Each line from the one with "PV Drilling tiên" through the last line below must be written out exactly. Do not copy pictures.

Information shown:
+ + +
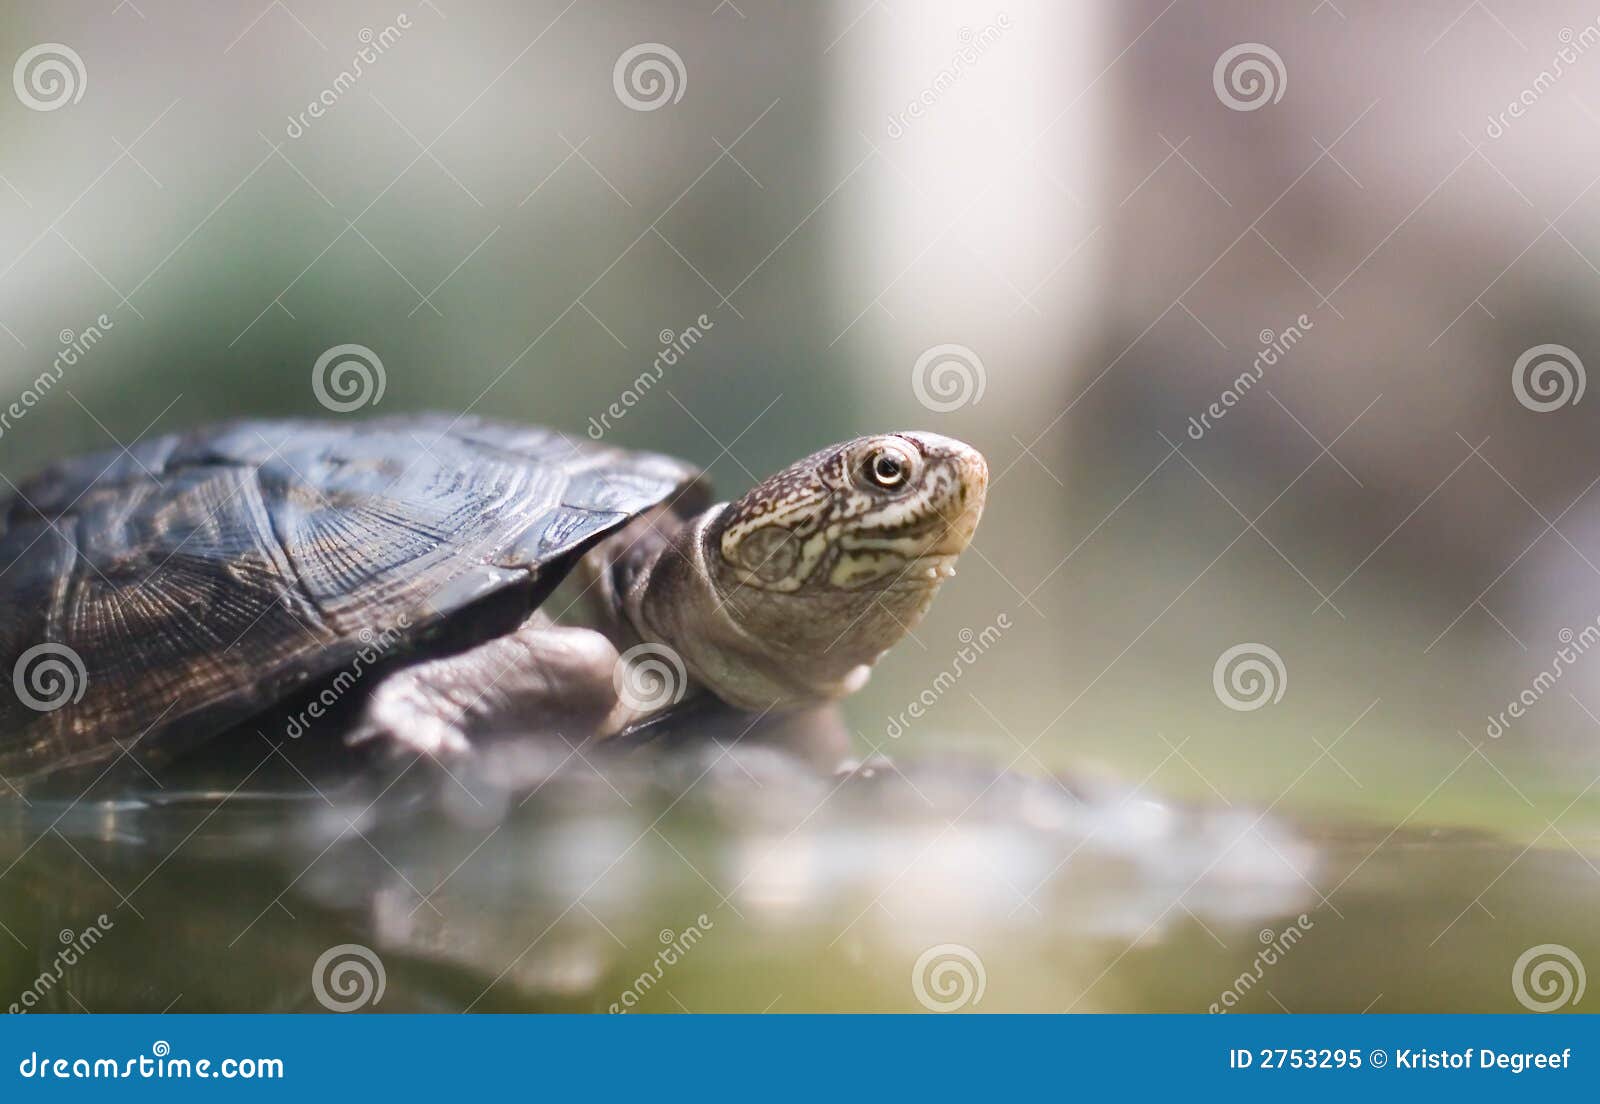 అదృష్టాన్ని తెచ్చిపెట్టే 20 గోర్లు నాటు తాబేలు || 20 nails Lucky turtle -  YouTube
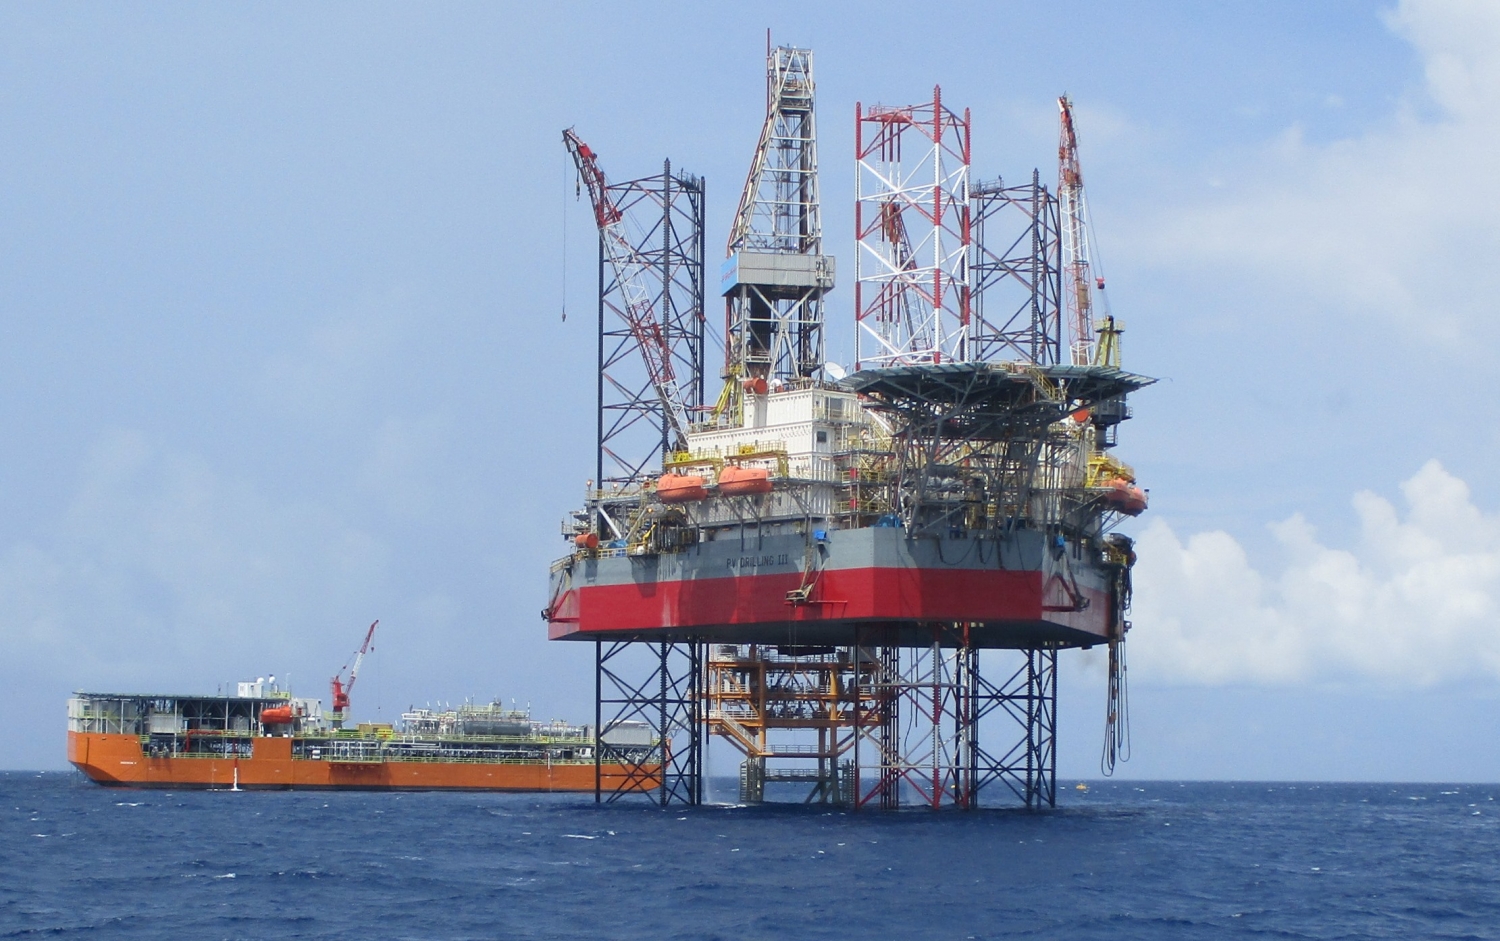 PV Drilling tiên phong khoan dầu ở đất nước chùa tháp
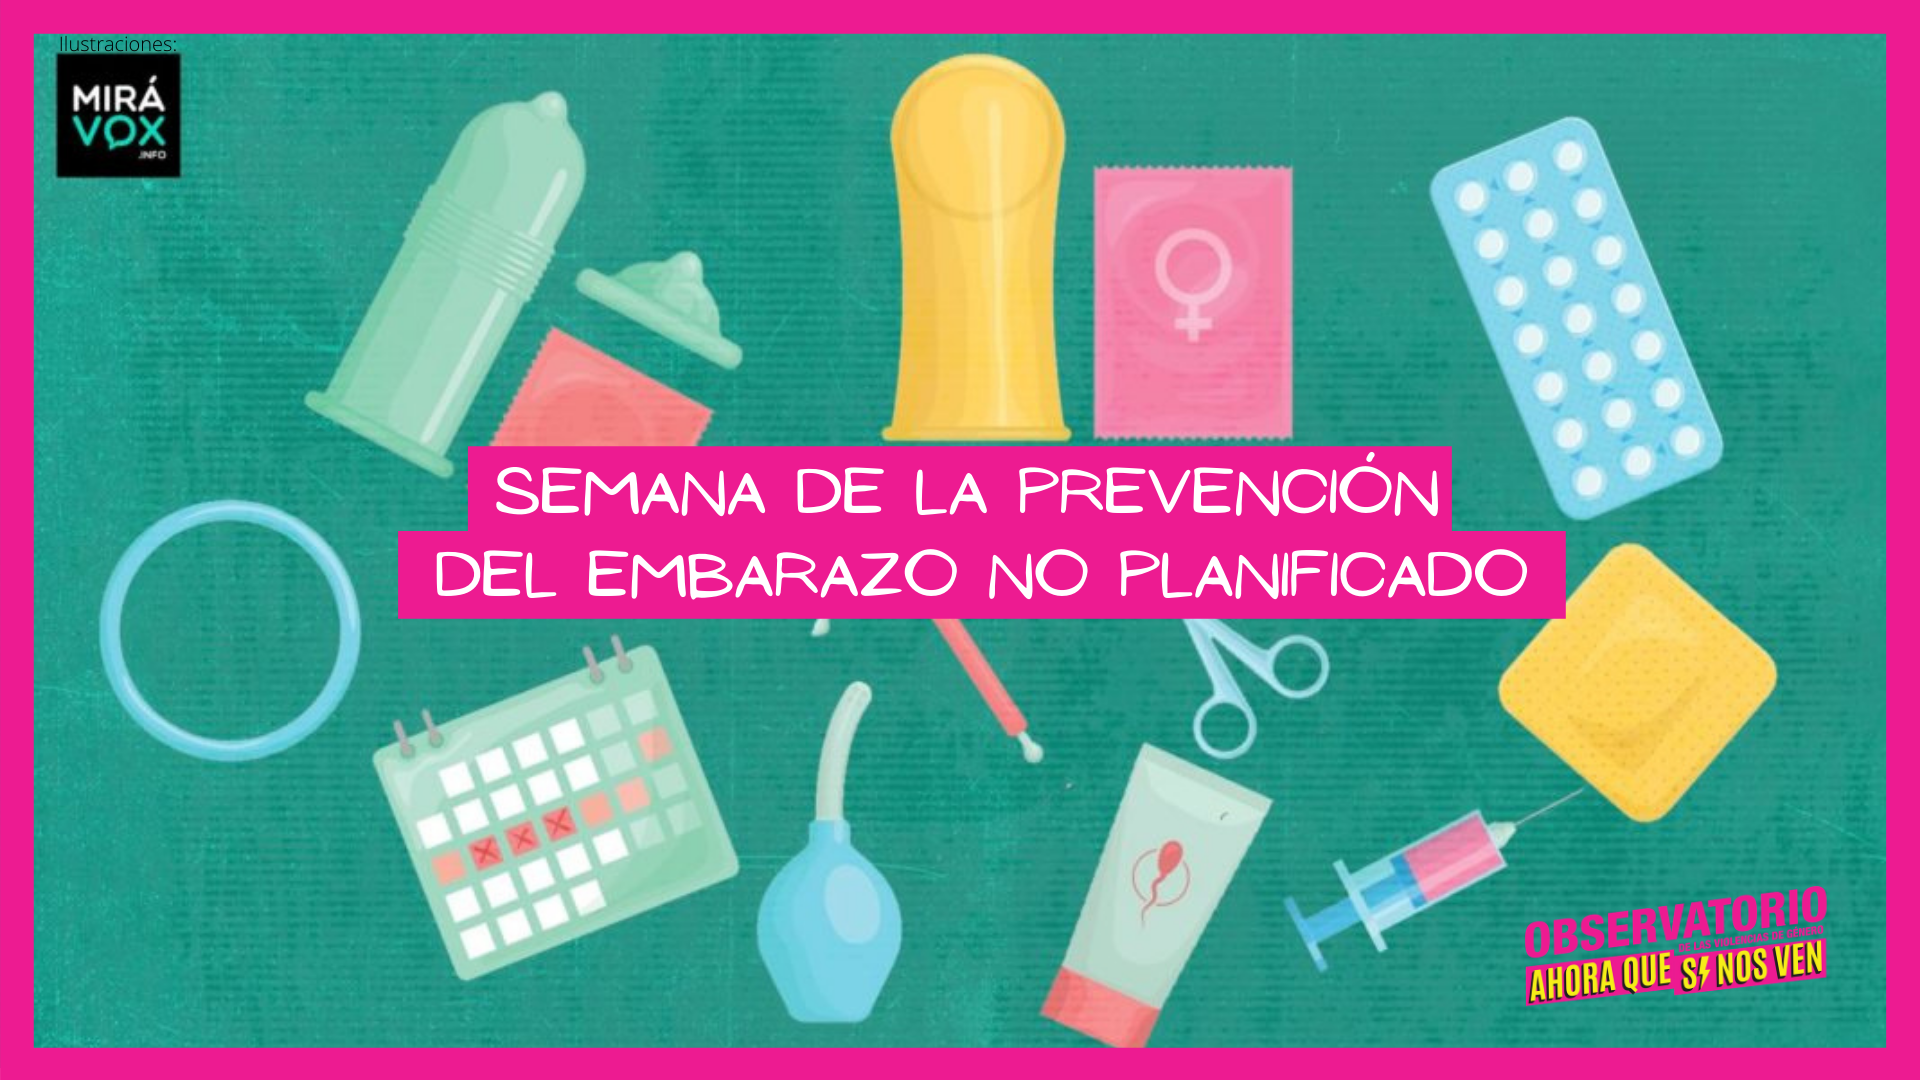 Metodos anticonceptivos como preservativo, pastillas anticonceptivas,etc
+ + +
Solution to the exercise:
 PV Drilling tiên phong khoan dầu ở đất nước chùa tháp
 Metodos anticonceptivos como preservativo, pastillas anticonceptivas,etc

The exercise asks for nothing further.